22. We know it was small enough to have occupied this position because it is
described being carried in procession by Tomada; see below.
23. “Precedeua vn bellissimo Stendardo bianco, nel quale come in campo di
Gigli fra diuersi groppi di Angioletti si vedeua la nostra Santa Vergine . . . della nostra
Confraternità . . . il Confalone . . . con la statua nel mezo della Santissima Vergine con
la pacienza in mano” (Tomada 20) (“a beautiful white standard was at the head of the
procession, in which in a field of lilies among groups of angels one could see the Virgin
with a scapular in her hand”).
24. Translation:
The streets and windows where the procession passed appeared to be all
adorned with Flemish tapestries, silk carpets, and many painting of excellent
workmanship, so that one could well see how many treasures Venice
preserves within its boundaries. Moreover, the crowds of people along the
route were so great that the large piazzas, the many streets, the windows of
the houses, and the palazzi were not capable of containing them, and you
could see them even on the rooftops. All the canals were crowded with
gondolas, filled with damsels and noblemen. It was, so to speak, endless.
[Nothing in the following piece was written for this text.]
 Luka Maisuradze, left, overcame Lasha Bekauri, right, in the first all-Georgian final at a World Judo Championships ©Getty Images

25. Given the importance of relics for the foundation of altars, it is perhaps
noteworthy that nowhere is the church recorded possessing a relic of de’ Pazzi.
26. See especially the major narrative cycles of the late fifteenth century in the
Accademia and in the Scuola Grande di San Giorgio degli Schiavoni. Also, see P. F.
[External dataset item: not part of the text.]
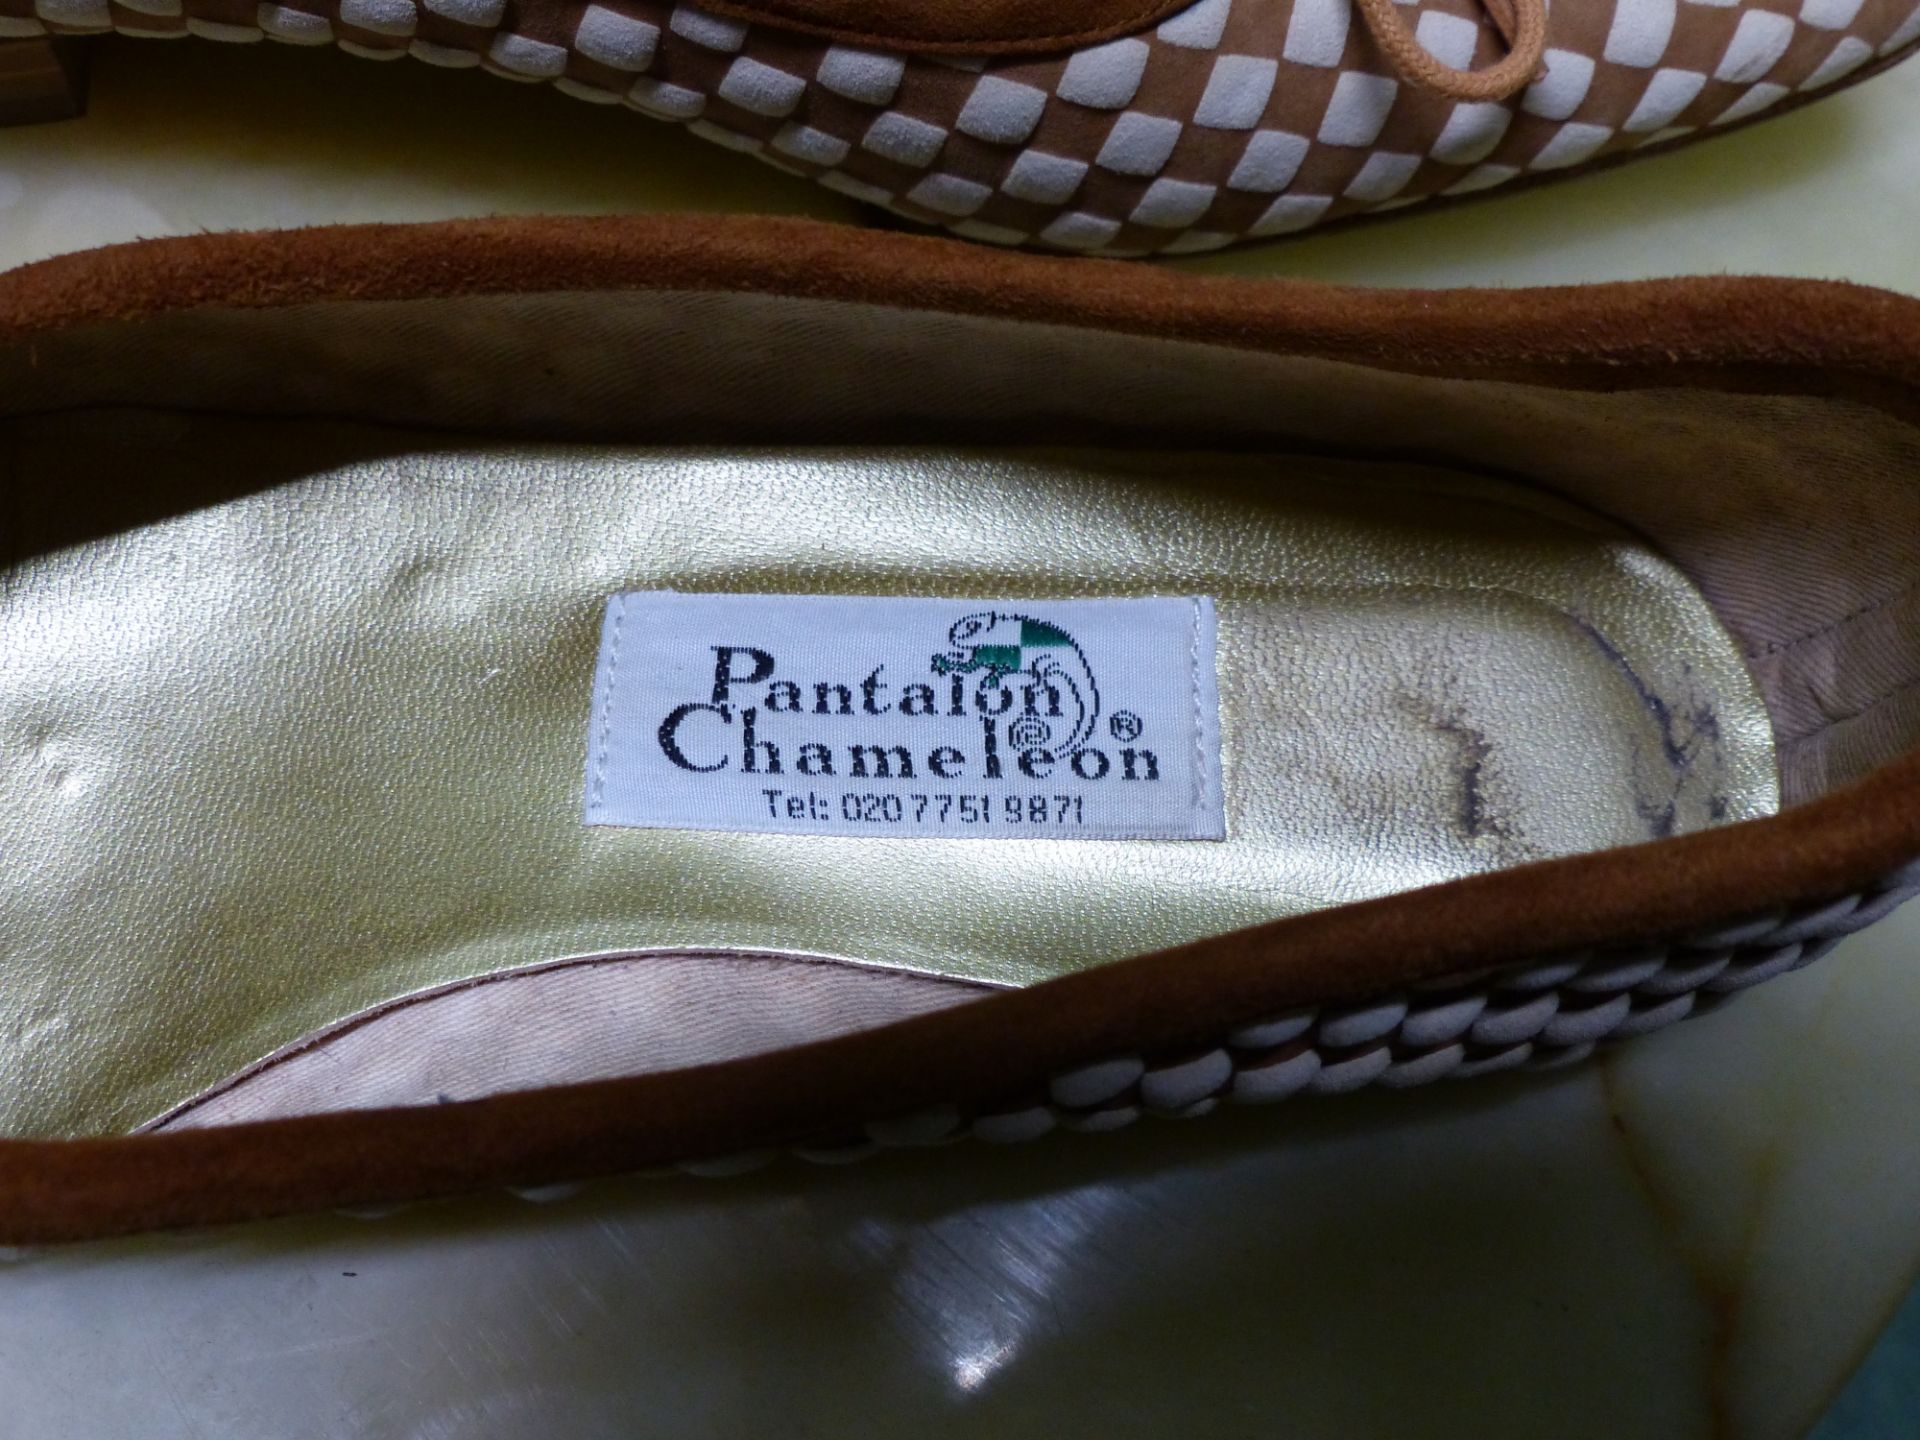 SHOES. TWO PAIRS PANTALON CHAMELEON FRENCH SIZE EUR 40 TAN AND BEIGE SUEDE SLIP ON'S, AND CREAM - Image 3 of 9

Brown’s Venetian Narrative Painting in the Age of Carpaccio.
27. We should acknowledge some excellent examples of attempts to synthesize
other items with the decorative scheme and function of the altarpiece: Dendy passim;
Nova 177–89; Worthen 707–32; Matile passim.
28. This trend, however, is probably also linked to the increasing demands of
theological orthodoxy in the wake of the Counter-Reformation.